WHEREAS, the Executive is presently employed as Vice Chairman,
Chief Financial Officer, Secretary and Treasurer of the Company; and
WHEREAS, the Executive has agreed to continue employment with
the Company on the terms and conditions set forth herein;
NOW, THEREFORE, in consideration of the foregoing and of the
respective agreements contained herein, the parties hereto, intending to be
legally bound, hereby agree as follows:
1. Term. The term of this Agreement (the "Term") shall com-
mence on the date hereof and shall continue until July 21, 2005; provided,
however, that on July 21, 2004 and each July 21 thereafter, the Term shall
automatically be extended for one additional year unless, not later than April
21 of such year, the Company or the Executive shall have given notice not to
extend the Term.
2. Employment. During the Term, the Company shall employ the
Executive, and the Executive shall serve the Company, (a) as a Vice Chairman and
as Chief Financial Officer and, unless otherwise determined by the Board of
Directors of the Company (the "Board"), as Secretary and Treasurer of the
Company and (b) in such other positions (but not less senior) of the Company to
which the Executive shall be appointed from time to time by the Board.
3. Duties.
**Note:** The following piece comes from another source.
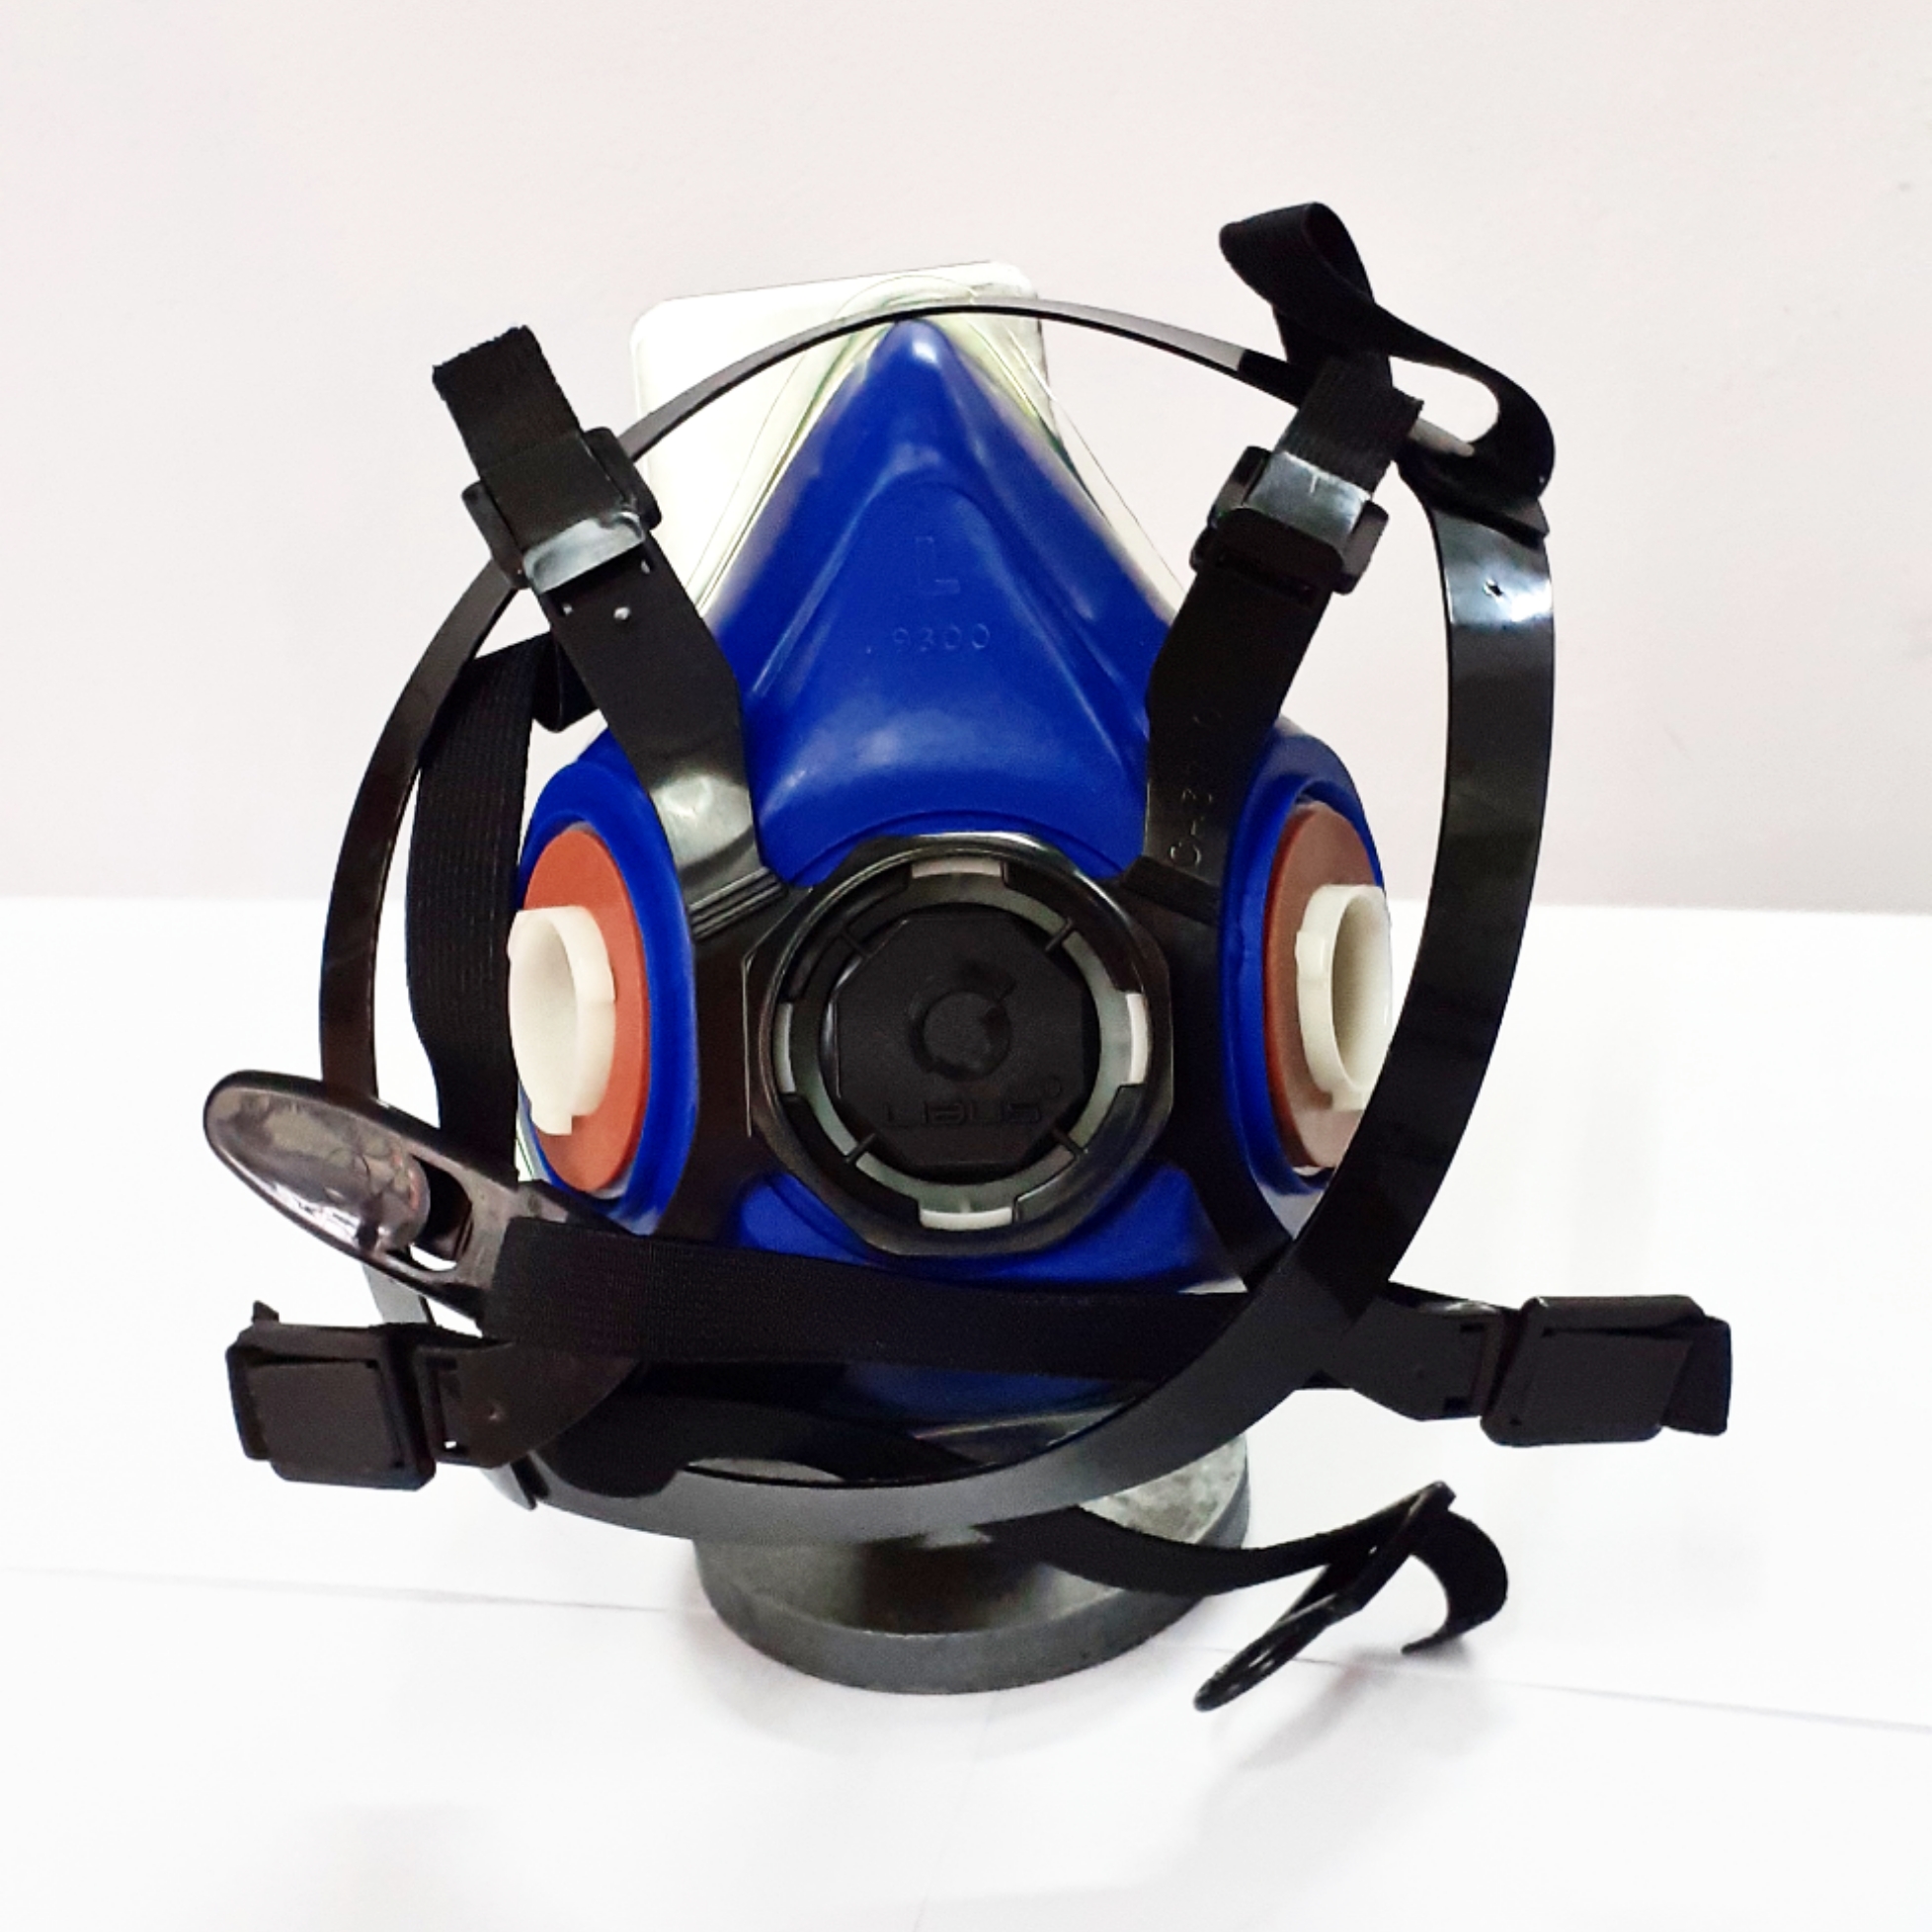 Máscara de protección respiratoria – Media cara – Serie 9000

The Executive shall perform such services and
duties in the New York City metropolitan area (including reasonable travel
consistent with a person of his position) as shall be reasonably assigned or
delegated to him by the chief executive officer of the Company (the "Chief
Executive Officer") and/or the Board which shall, in any event, be consistent
with his responsibilities as a senior executive officer of the Company. During
his employment hereunder, the Executive shall devote full time to the
performance of his duties hereunder.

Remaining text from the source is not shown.